1. Field of Invention
The present invention relates to binary optical compounds and, more specifically, to a preparation of proteorhodopsin that may transition between binary optical states.
2. Description of Prior Art
Proteorhodopsin (PR) is the general name for a class of closely-related photoactive proteins isolated from marine organisms referred to as the γ-proteobacteria, or group SAR86. This class of protein has been shown to be remarkably similar to the related photoactive protein isolated from Halobacterium salinarum, bacteriorhodopsin (BR), sharing a homologous structure, chromophore, and light-driven proton-pumping activity. Like bacteriorhodopsin, proton pumping in the proteorhodopsins results after the all-trans retinal chromophore absorbs light and isomerizes to 13-cis, which in turn stimulates a characteristic response in the protein, referred to as a photocycle. The photocycle is composed of a number of transient protein intermediates, each spectrally and temporally distinct. Although not identical and somewhat slower, the proteorhodopsin photocycle contains analogs to the K, L, M, and N/O intermediates of the bacteriorhodopsin photocycle. The biophysical nature of these intermediates remains uncertain, although similarities to those in bacteriorhodopsin are assumed, especially in light of the level of conserved amino acids. However, comparisons between these two protein families are limited and should be viewed with caution, considering differences in both the native environment and host organism. It is also important to note that at this time all proteorhodopsin is produced recombinantly by expression of the protein in E. coli. As such, the protein's morphology is different from the most commonly used form of bacteriorhodopsin, i.e., purple membrane. The purple membrane is the plasma membrane and protein construct that is isolated directly from the host organism, Halobacterium salinarum. Therefore, BR remains imbedded in its native membrane, whereas proteorhodopsin isolated from E. coli is detergent solubilized, which is advantageous to many device applications.

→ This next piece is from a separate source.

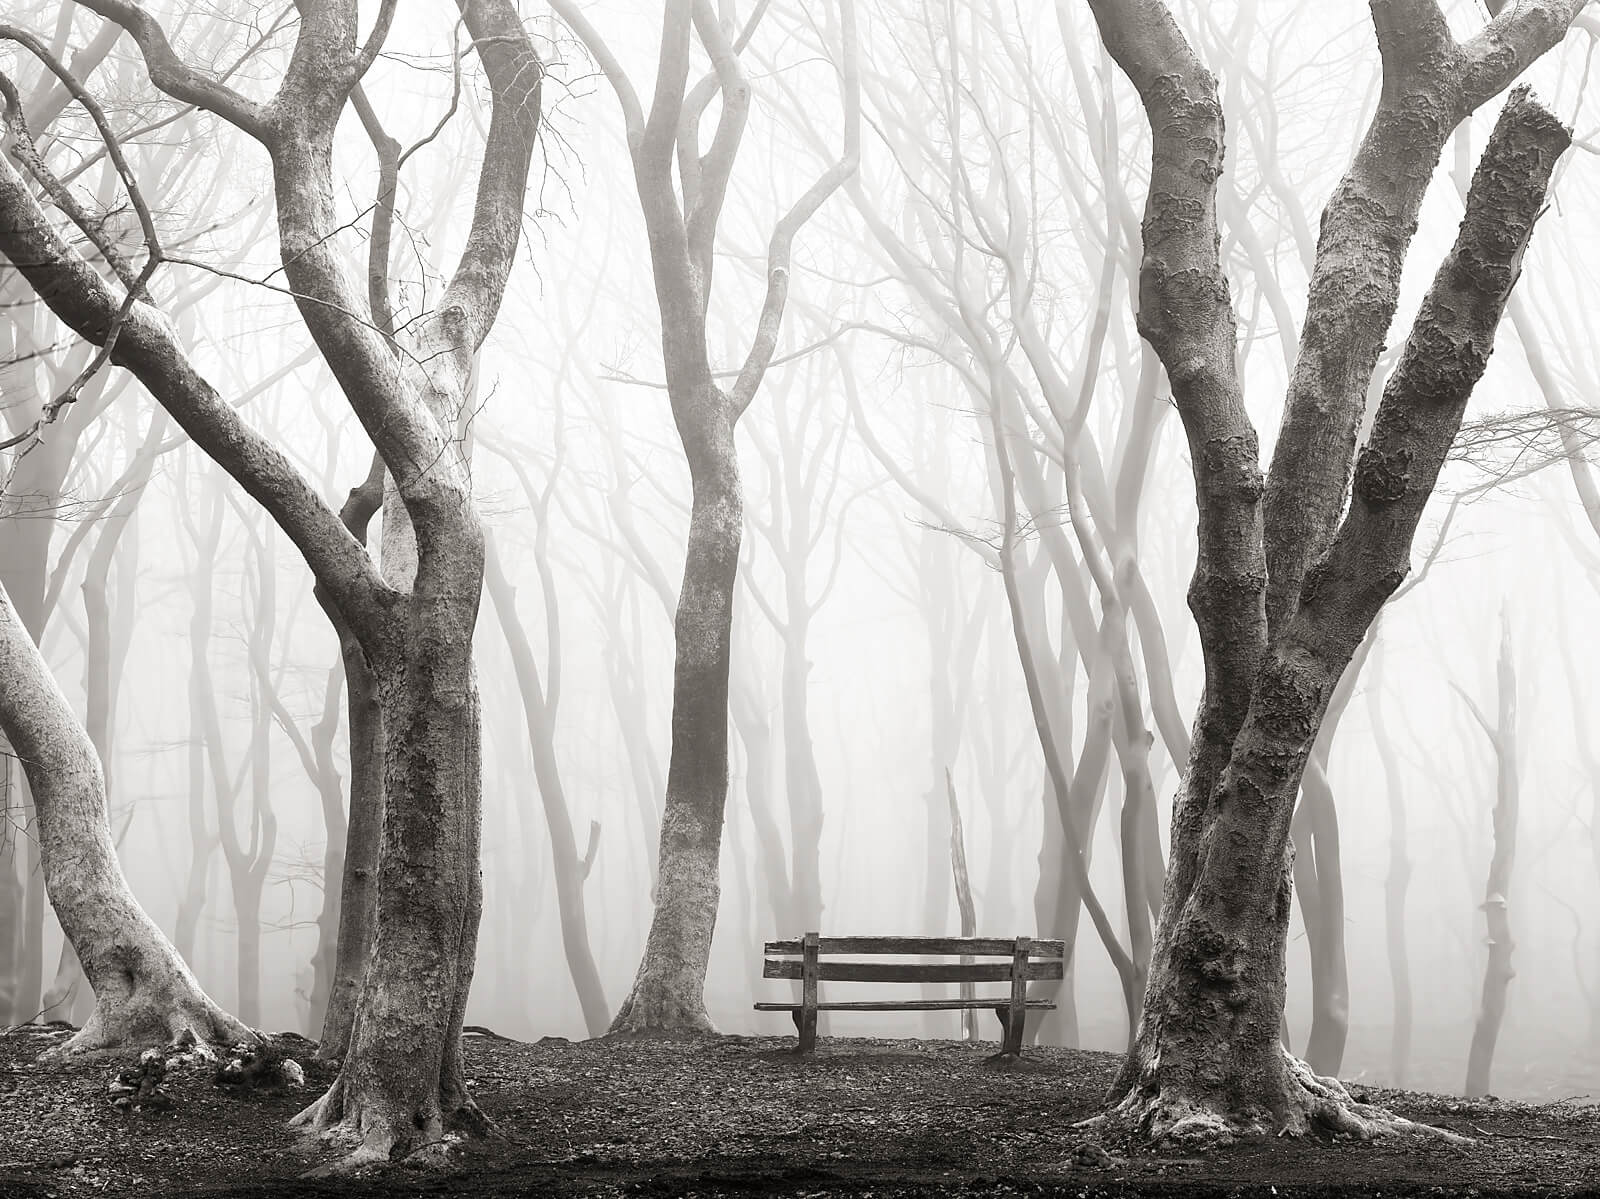 a-misty-view-monochrome-edit-2017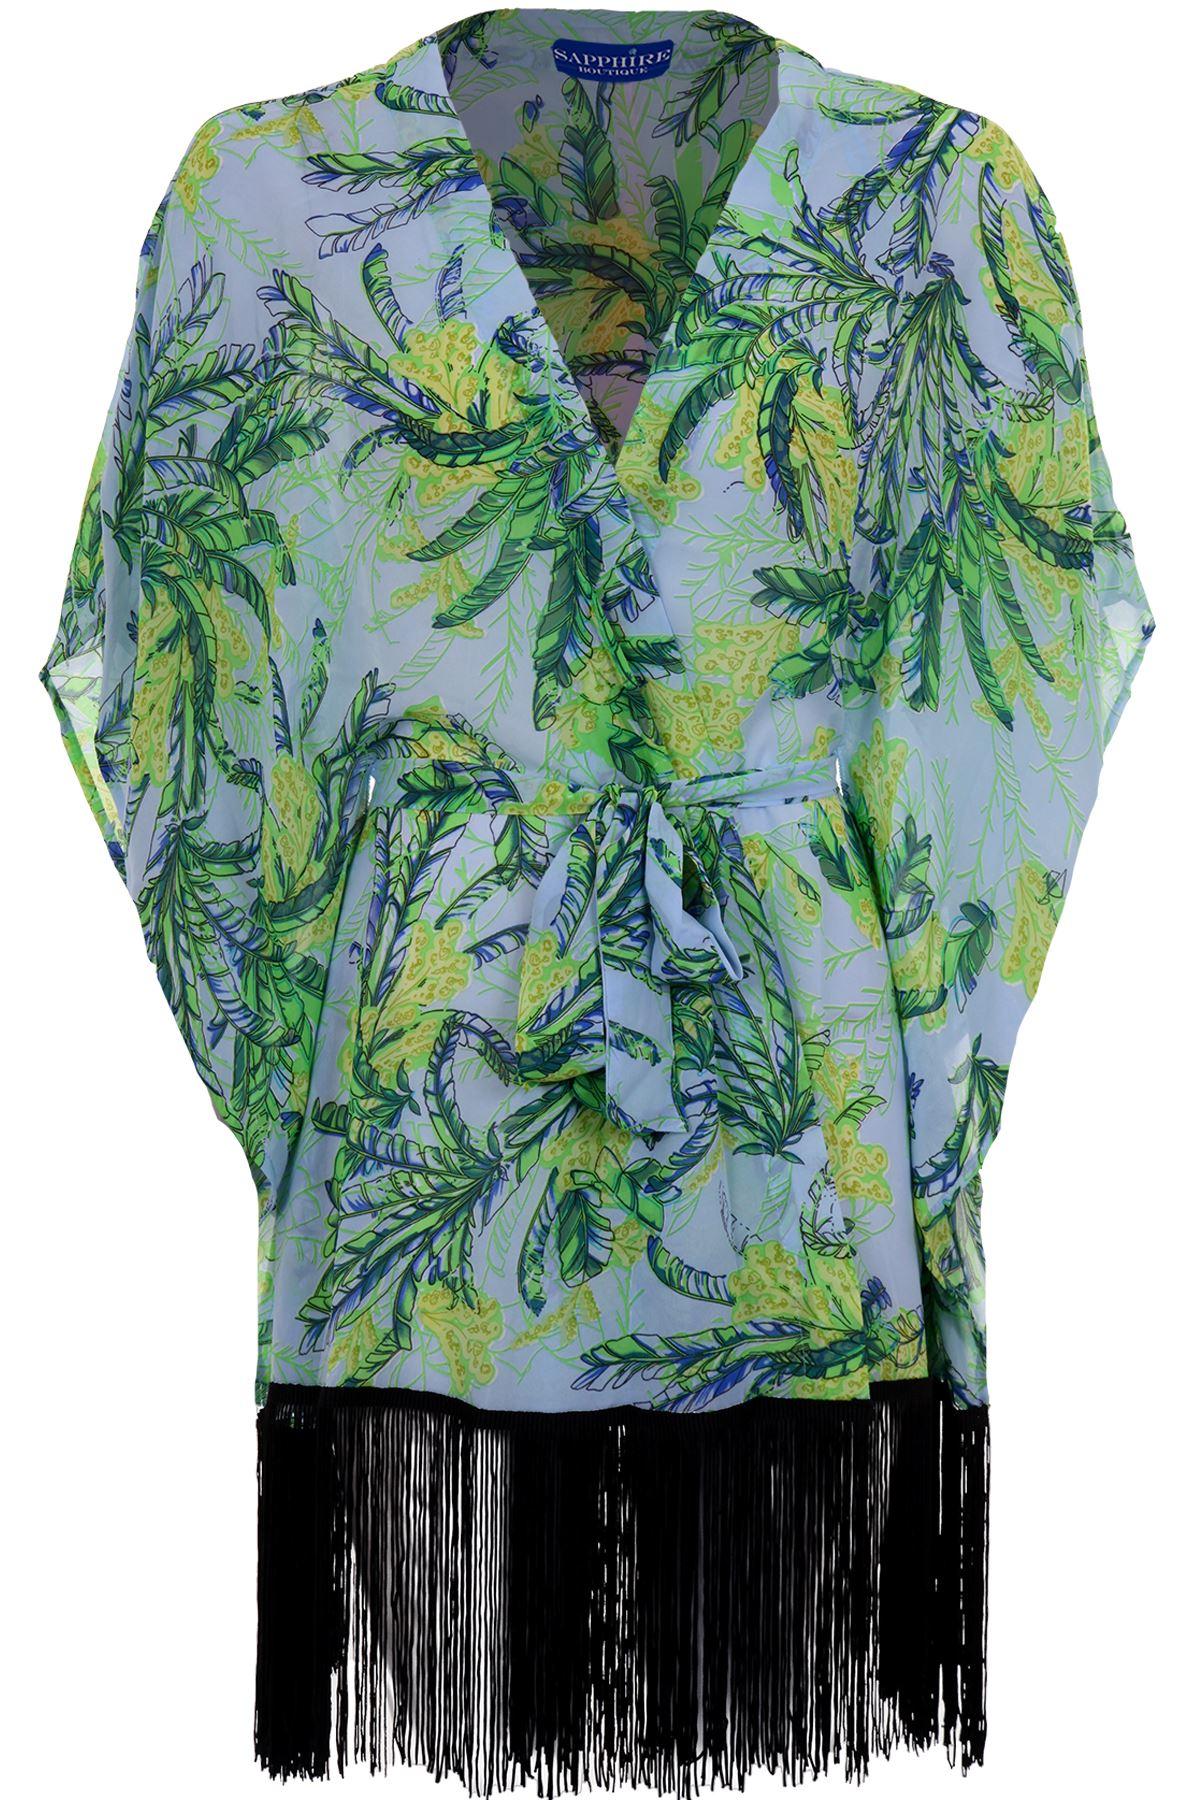 Damen fledermaus rmel kurz rmlig blumen chiffon damen mit - Kimono jacke damen ...

To date, two primary classes of proteorhodopsins have been found, green and blue, characterized by the region of the visual spectrum containing each protein's respective absorption maximum. The green proteorhodopsins (BAC31A8 and related) were the first to be described, having a resting state absorption maximum at about 520 nm (at pH>8, 540 nm at pH<7). The blue proteorhodopsins (HOT75M1 and related) have a resting state absorption maximum of about 490 nm (high pH, ˜530 nm at low pH). This variation in spectral sensitivity has been strongly correlated to the marine depths at which the host organisms reside, with the blue proteorhodopsins being found at greater depths than the green.
The photoactive protein bacteriorhodopsin has been a candidate for the active element in a wide range of device applications, ranging from memory storage and holographic materials to nondestructive testing and security inks. All of these applications rely on the protein's unique response to light. The basis for the former applications is the protein's ability to exist in multiple states, defined by unique absorption profiles (i.e., photocycle intermediates); the M and O intermediates have become particularly important. A large number of BR-based applications have been described in the literature. One of the most important innovations in bacteriorhodopsin research was the discovery and characterization of a permanent state, denoted as Q. The Q-state is accessed from the BR O-state by exposure to red light (the purported branched photocycle), and has a 9-cis retinal chromophore that is trapped, but unbound, in the protein-binding site. Exposure to blue light restores the BR resting state. The combination of permanence and wide spectral separation between Q (˜380 nm) and the bR resting state (570 nm) makes BR a good candidate for holographic materials and optical memories. However, in the wild-type protein the bR to Q transition takes place with very poor efficiency, mandating the use of high intensity irradiation and prolonged exposures.